Chronique de ma vie avec Élisa
Avec sa jupe blanche et son chandail bleu marine, Élisa est entrée dans ma vie comme elle l’a fait dans la chambre d’hôpital. En trébuchant. Le smartphone à la main. À deux doigts de perdre l’équilibre pour valser dans le lit vide à côté du mien. In extremis, elle n’en fit rien. Abandonnant sa console, le petit prince lui a sauté dans les bras pour brailler avec enthousiasme des « Maman, Maman », « Le monsieur va bien » et d’autres choses du même acabit. Je l’ai dévisagée. Avec sa peau claire et ses longs cheveux châtains tenus en arrière par un élastique fantaisie, elle n’avait rien d’une tragédie grecque (de quoi fallait-il donc la sauver ?). Elle m’a souri. J’ai souri aussi. Sans qu’on s’en aperçoive, un petit fil invisible s’est tendu entre nos sourires.

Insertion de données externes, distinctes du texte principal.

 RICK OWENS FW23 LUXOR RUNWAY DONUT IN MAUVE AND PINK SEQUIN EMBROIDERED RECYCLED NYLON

Quelques jours plus tard, ce fil nous prenait par la main le temps d’un repas dans un restaurant proposant d’excellents vins et des menus « spécial enfants ». (Je tenais à offrir ce repas au petit prince et à sa maman, en guise de remerciement). Ce fut une soirée mi-figue, mi-raisin. à force de la voir s’absenter pour lire et envoyer des messages, j’ai trouvé Élisa parfaitement agaçante. À l’inverse, le tête-à-tête avec son fils fut émouvant.
« Je peux continuer à t’appeler « petit prince » ? » fut le début de notre conversation. Il n’a pas dit oui, il n’a pas dit non. Il a tenu à connaître l’histoire, la vraie, celle du conte de Saint-Exupéry. Alors, je la lui ai racontée, entrecoupée de multiples relances de sa part, auxquelles je répondais en inventant moult détails qui nous tinrent en haleine, lui comme moi, tout au long du repas. Au dessert, il m’appelait l’« aviateur ». Puis m’expliqua qu’il était heureux de revoir sa maman après une semaine passée chez son papa.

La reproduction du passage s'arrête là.